RH: You sort of dropped out for a few years. What were you thinking when you untied the apron strings?
Pyles: I knew that I wanted to travel, and I thought I would consult, write books, do some TV; I developed concepts for hotels, and I was thinking that was probably good enough. But eventually I just realized it wasn't.
RH: Where did your travels take you?
Pyles: I went pretty much everywhere. I spent a lot of time in Spain and South America, mostly, some in Asia, some in Morocco. I covered every country in South America except for Chile, and I finally did go there, to Patagonia, last year.
RH: Looking back over your years in the business, what are some of the cultural shifts you've seen?
Pyles: The audience has grown up in terms of food knowledge. It's a completely different world today. When we started Routh Street it was an educational process, but today, people are savvy. And they're more receptive to unusual things. I don't think Samar would have worked 10 years ago, but today, people understand it.

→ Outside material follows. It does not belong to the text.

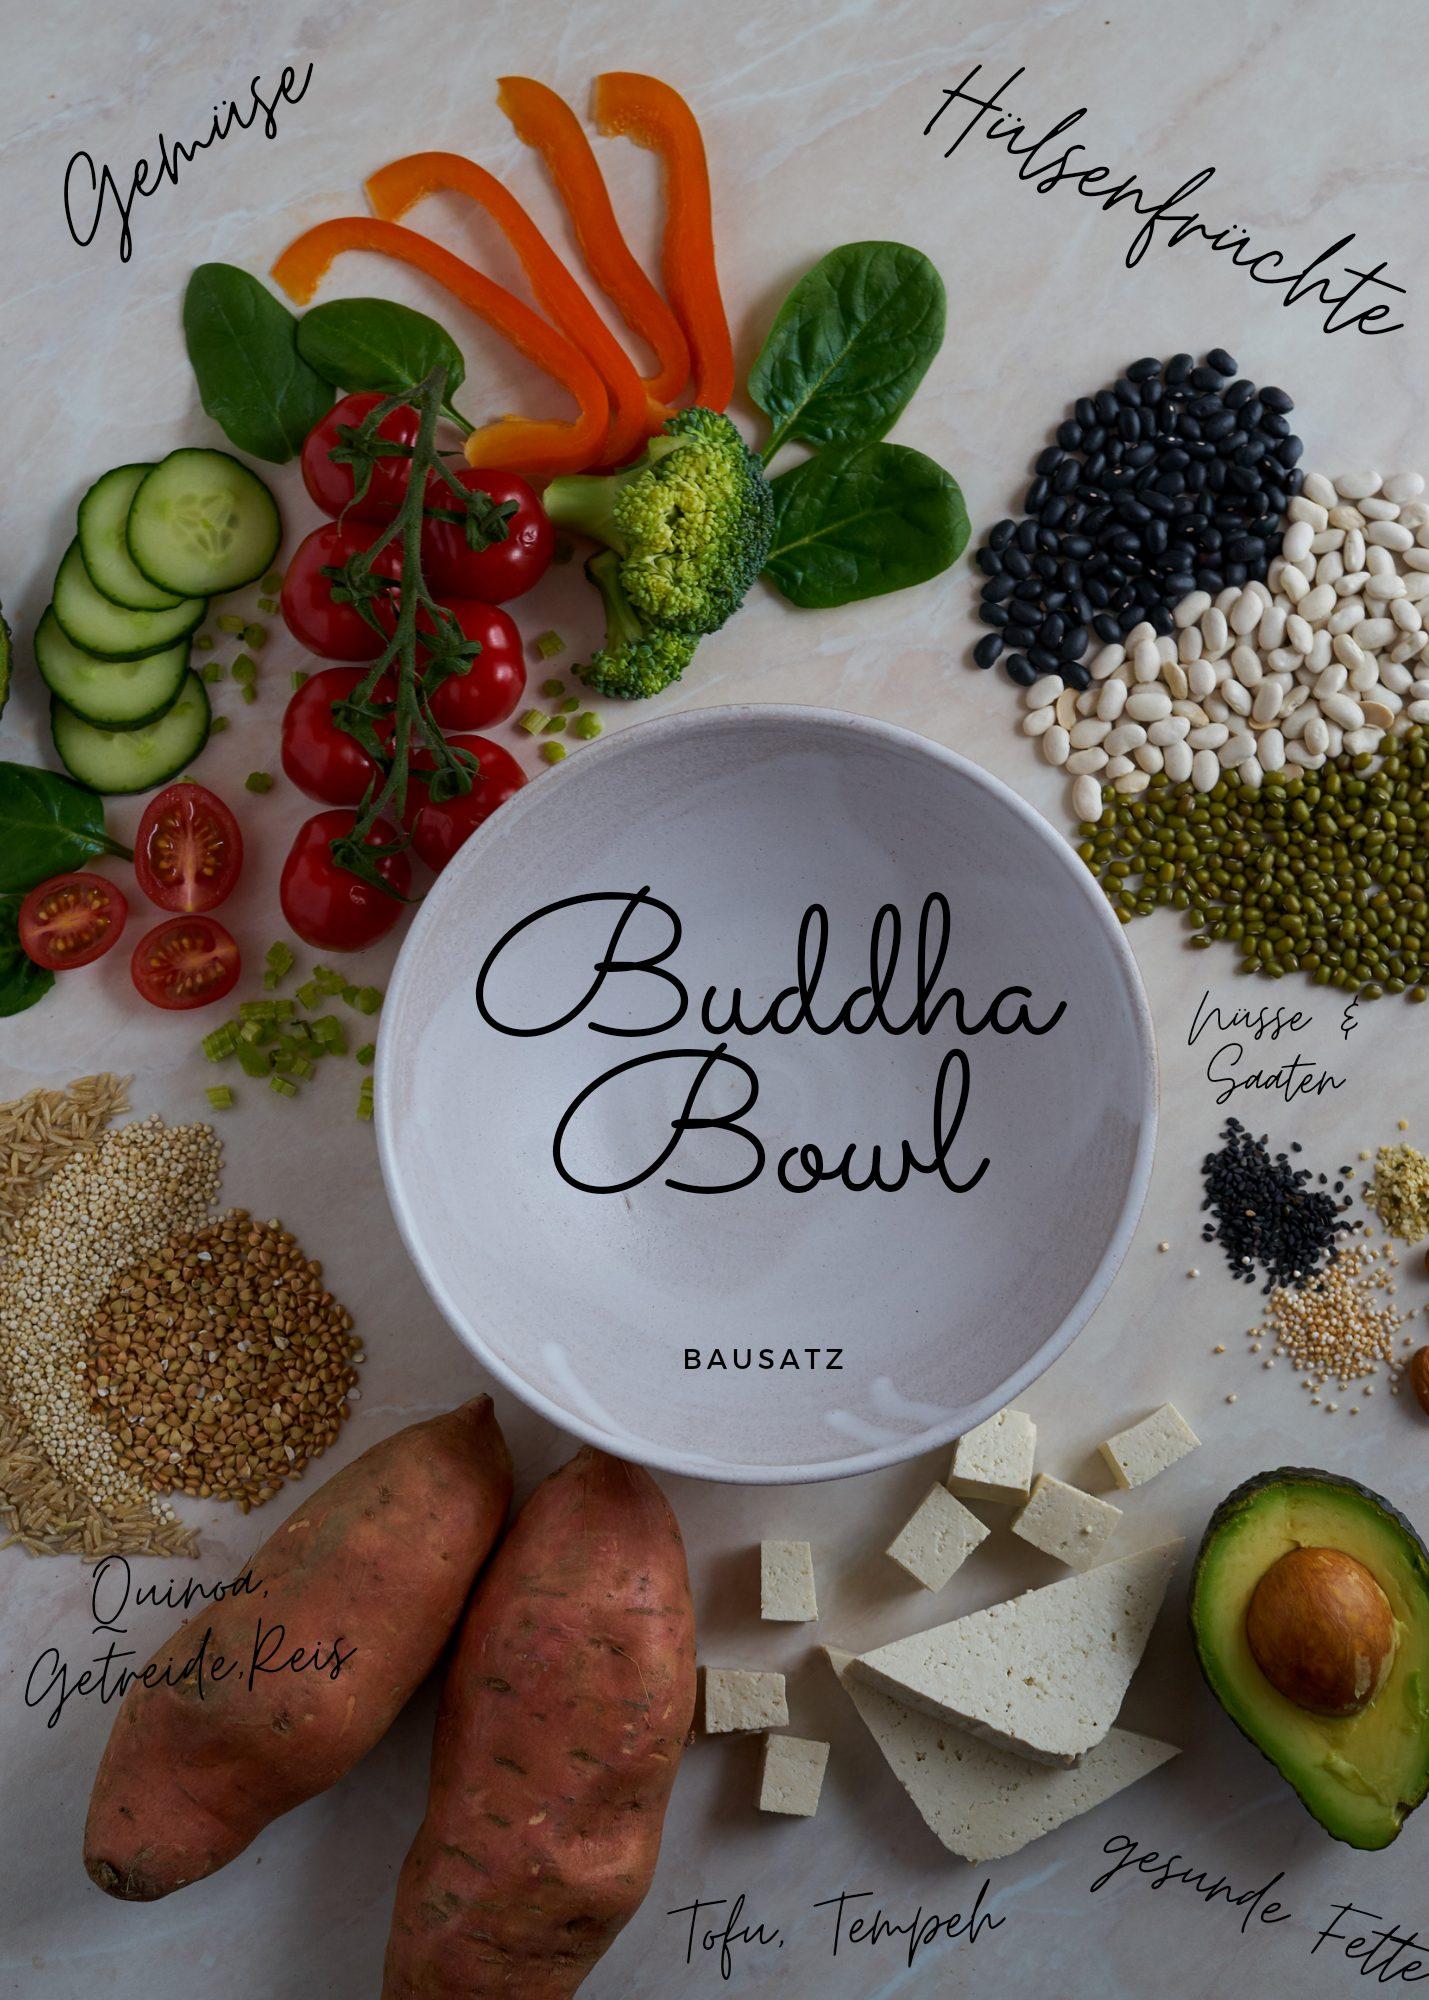 Bausatz-Buddha-Bowl
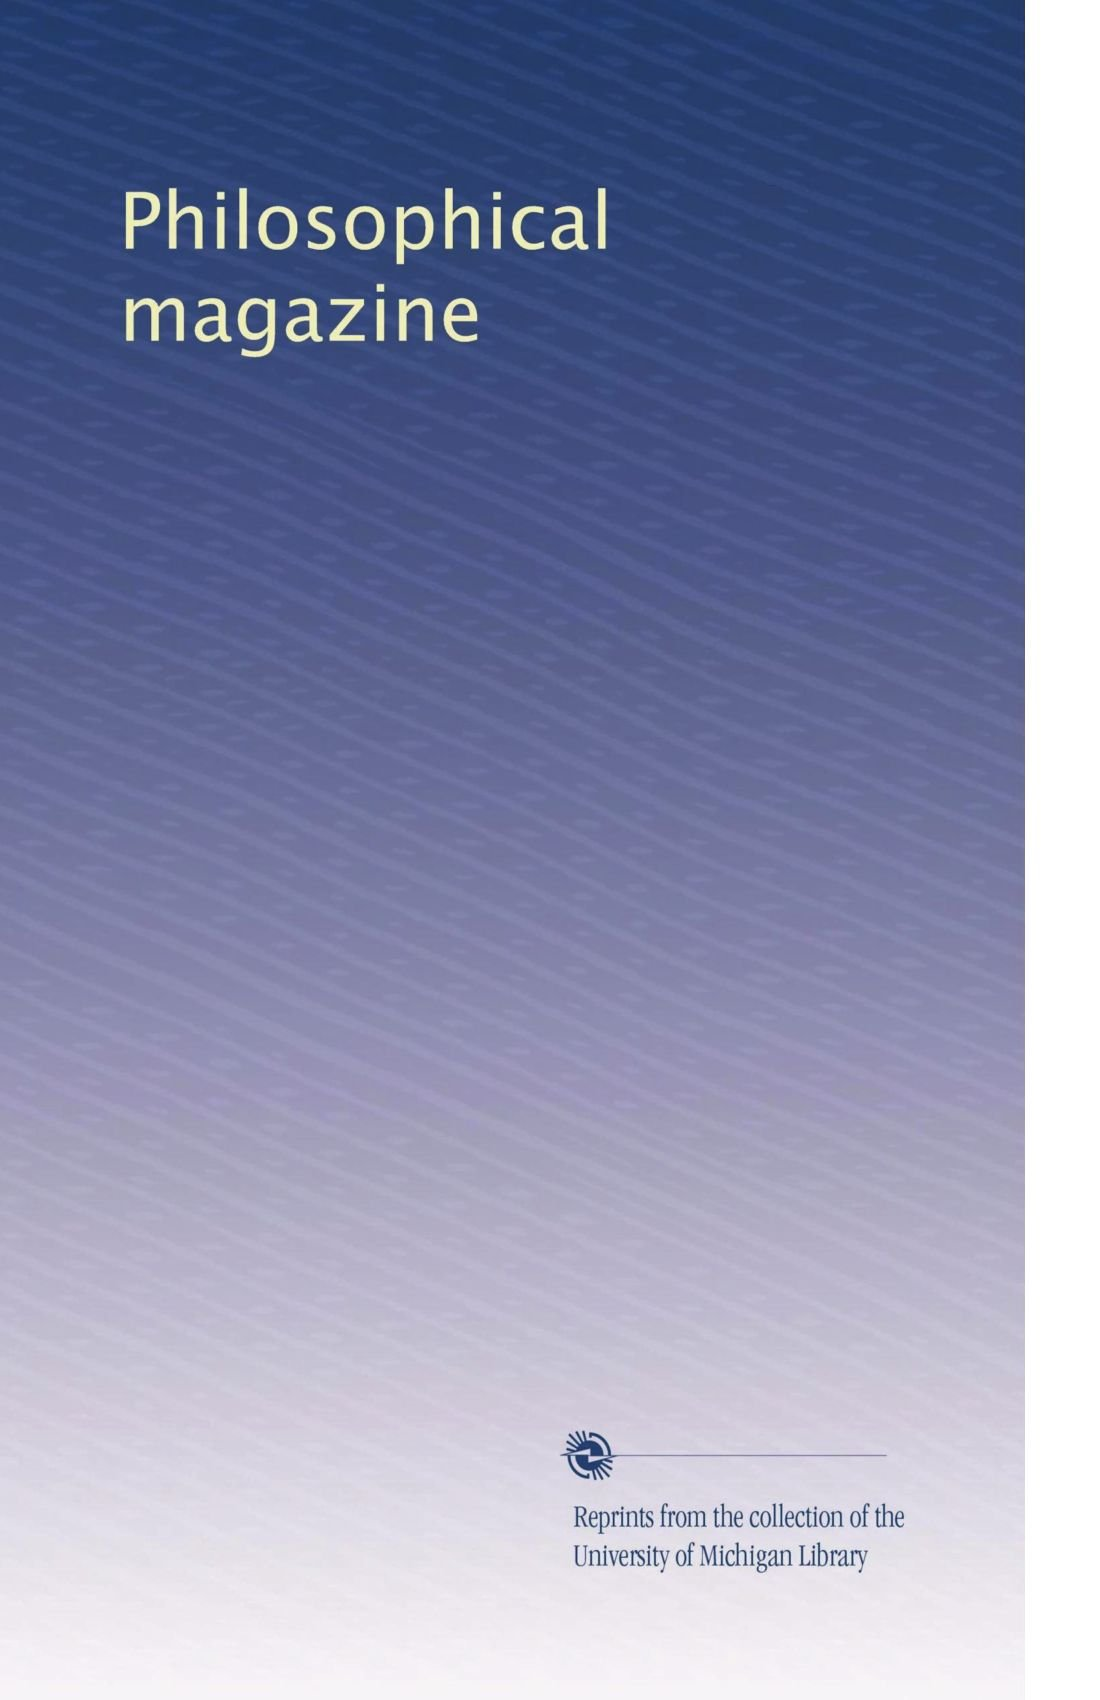 Philosophical magazine (Volume 8) ebook

In terms of business it's certainly more competitive. It used to be that if you were unique enough you didn't have competition, but now there's just so much competition on so many levels, and the days of singly owned chef-driven restaurants are over. Everybody now has all these concepts.
One of the big differences in Dallas in the last five years has to do with reservations. When I had Routh Street and Star Canyon, it was nothing for us to book up a month or two in advance. That's nonexistent in Dallas now, partly because there is more competition, but I think people don't have the same mentality. In the past, if we had 150 reservations, we would probably see 130-140 of them show. Now, at Stephen Pyles, if I have 150 on the books, we will do at least 200. Even at more formal restaurants, there is a more casual approach. Good dining experiences have been sort of downgraded, they don't have quite the mystique they once did. It speaks to people being more educated.
RH: What do you think about the recent interest in the chef as personality versus the chef with training and skills?
Pyles: I think it can be damaging to the profession. It's a two-edged sword. The good news is that it puts this profession in a more glamorous light, which attracts talented kids. That's also the bad news, because they're attracted for all the wrong reasons. They want to come out of school and be running their own restaurants, publishing cookbooks and pitching Cadillacs. I think that speaks to American culture in 2009, it's not specific to the food world. We're caught up in this media-driven, flashy, reality show culture. But I think people can see through it. They know the difference between someone who looks good on TV and someone who has a Michelin-starred restaurant.
RH: You've created more than a dozen concepts in your career. What tricks do you use to stay relevant?
Pyles: Travel is essential to a chef's remaining fresh and creative. Every time I come back from a trip I'm reinvigorated. It's something I will always allow time for. It's also important to just be receptive and stay ahead of the curve and try to be a trend setter instead of a follower, because the first person who gets there usually wins.
RH: You're involved in a laundry list of charities. How have you decided what causes to support?
Pyles: What speaks to me is hunger relief — it's always said that in this profession, since we make a living feeding people, we have to help them. So Share Our Strength is important. I'm also on the board of a food bank called Hunger Link, which is a perishable food program. I'm on the board of Goodwill Industries. And I offer a culinary scholarship every year.
I think there's a lot you get back. I used to do it for different reasons than I do today. At one point I did it because it was kind of fun, an opportunity for camaraderie with other chefs, and honestly, because it was pressworthy. Today I do it because it feels good, and it's the right thing to do.